There has been flurry of bloggers posting their results on the Political Compass Test. This test attempts to measure your political leanings on a two-dimensional scale, with a left/right axis and a libertarian/authoritarian axis. Lawrence Solum has collected some of the results here.
This has inspired me to reorganize the results into a table so you can see at a glance where everyone is, add links to all the blogs, and add a form so others can easily add themselves.
[Go here to see the table and the form.](http://cgi.cse.unsw.edu.au/~lambert/cgi-bin/survey/compass.html)
I don’t think the results of the test should be taken too seriously—I found several questions that were rather ambiguous and my results might have been different if I had interpreted them differently. The test also rated me as more libertarian than David Friedman, which seems rather wrong to me. Nor are the results below representative of all bloggers, since it is a self selected sample. But it’s fun to do the test and see where you end up, so enjoy yourself!
If you want to add your own result to the table, you can take the political compass survey here.
Update: There has been some interesting discussion about whether a 2D political model like this is at all meaningful. Julian Sanchez says “yes”, while Matt Yglesias says “no”. I’ve plotted the results and drawn a best-fit line through them and it looks to me as if there is some justification for a 2D model.
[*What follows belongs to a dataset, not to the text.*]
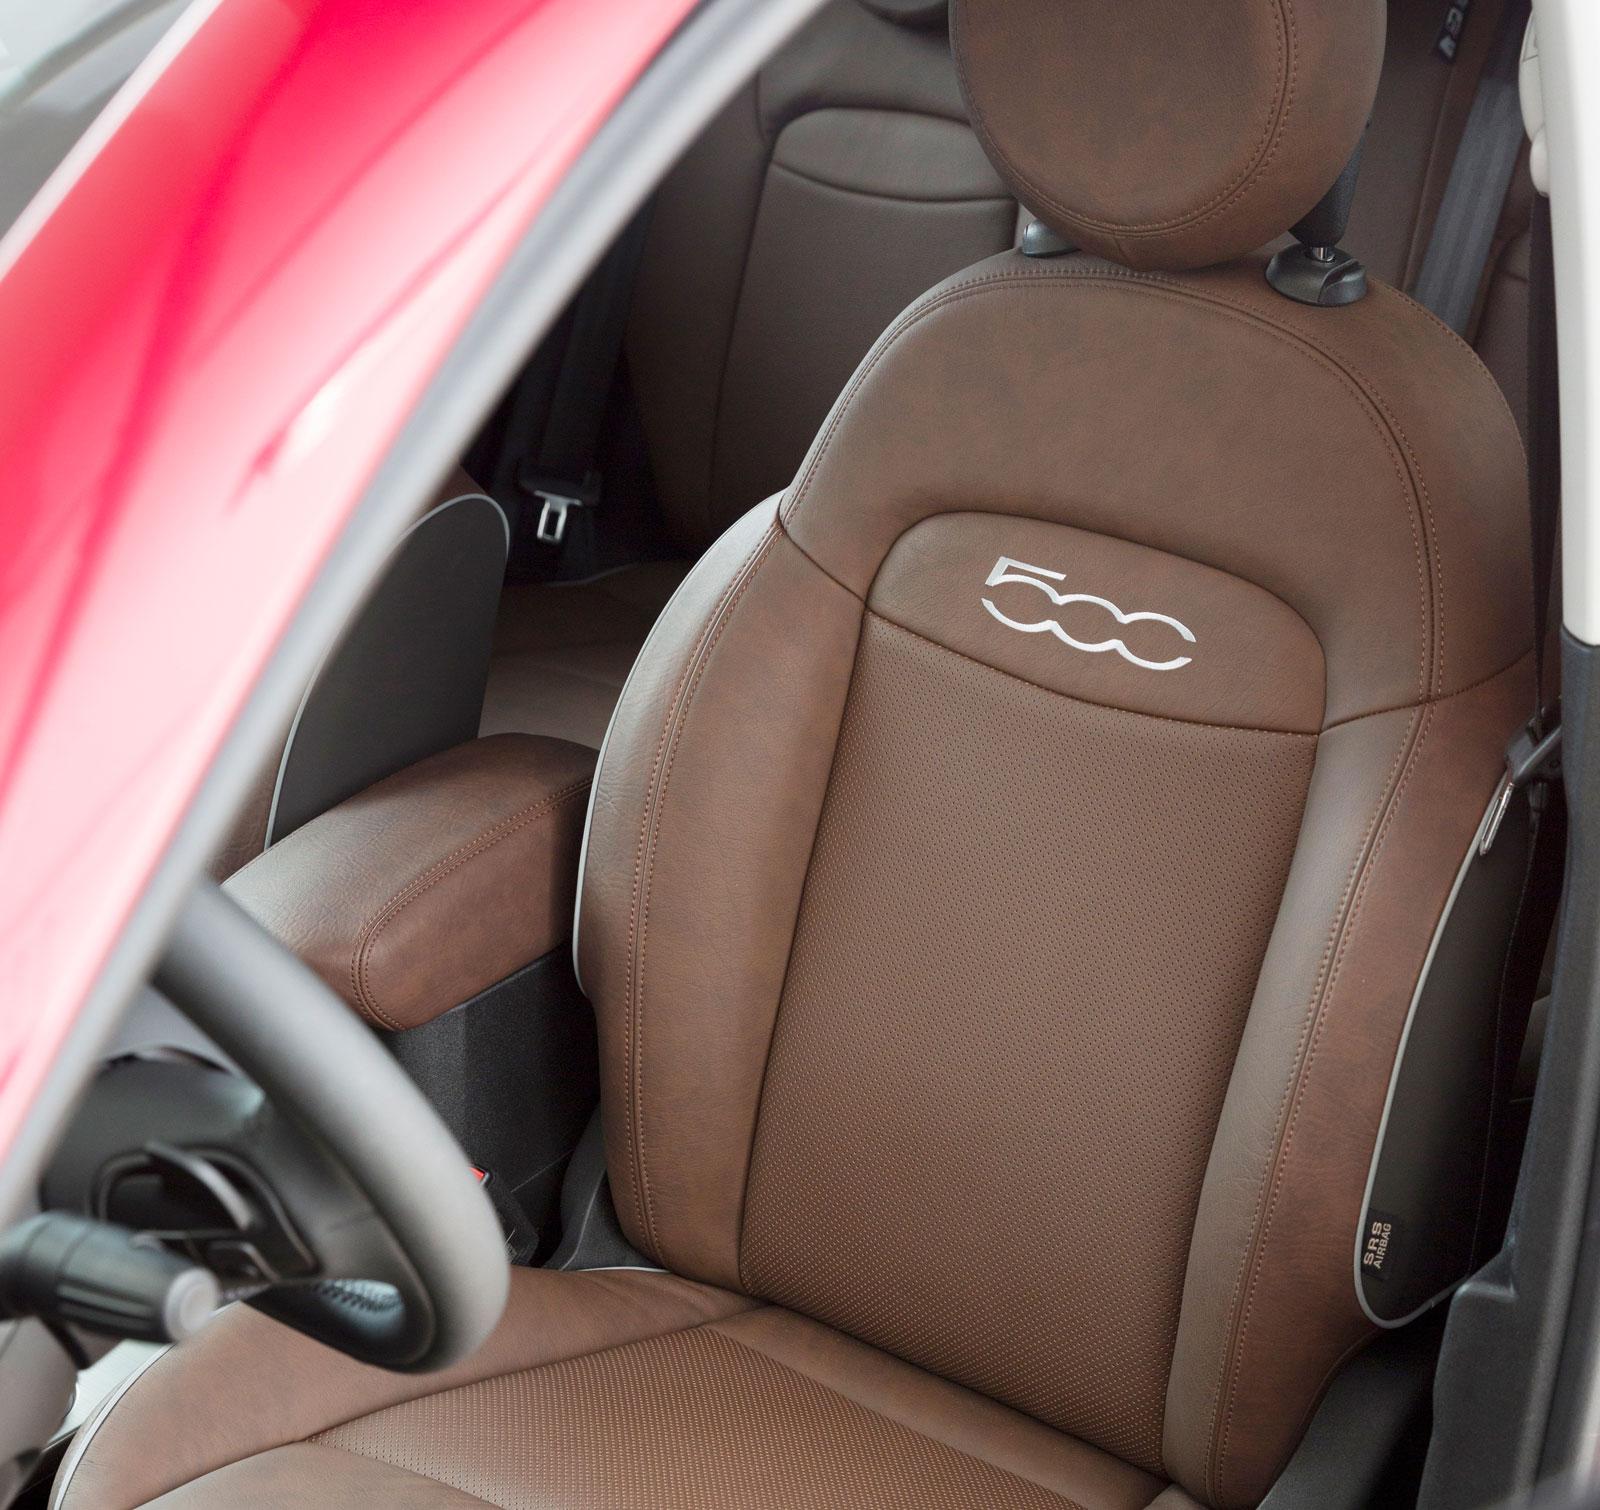 Läder på sittytan, annars galon och textil. Formen påminner om stolarnas i DS 4.
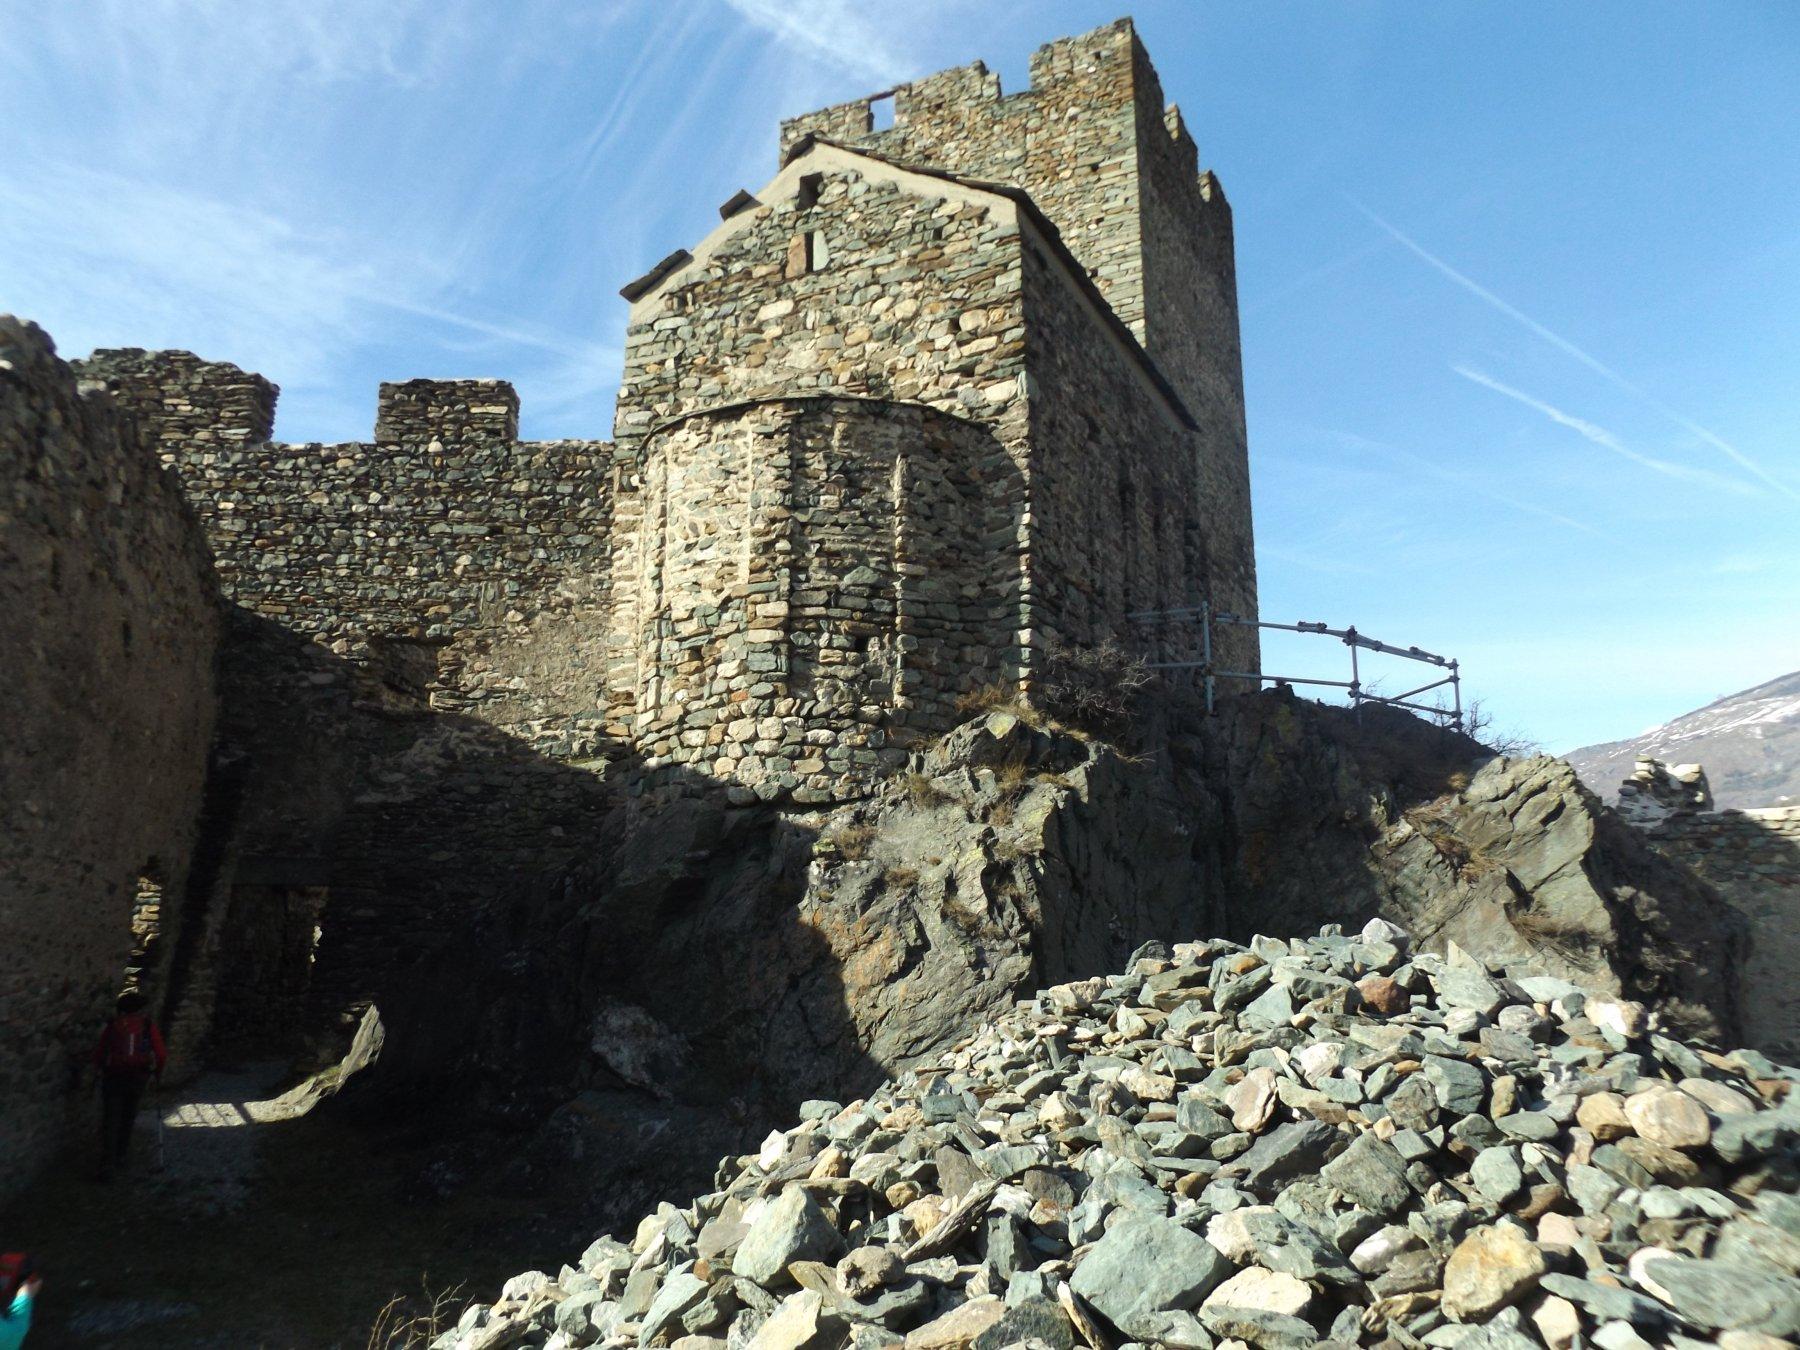 Interno del castello con chiesetta

On the left side of the graph most everyone lies close to the line, but on the right side there are people in the top right quadrant (“conservatives”) and in the bottom right quadrant (“libertarians”) and the line isn’t really close to either group.
Possibly this is because libertarians are overrepresented in this (non-random) sample. If libertarians are much less common in the general population then the conventional left/right axis will fit much better there.
Update 2: Russell Arben Fox is all by himself in the upper left of the graph and is feeling lonely.
At the moment about two thirds of the entries are on the left side. I think this is because left bloggers are more likely to read left blogs, so links to this page have propagated more in left blogspace.
Update 3: Jacob Levy found the Political Compass questions so bad that he couldn’t even get consistent results from the survey. Well, now there’s a a better survey.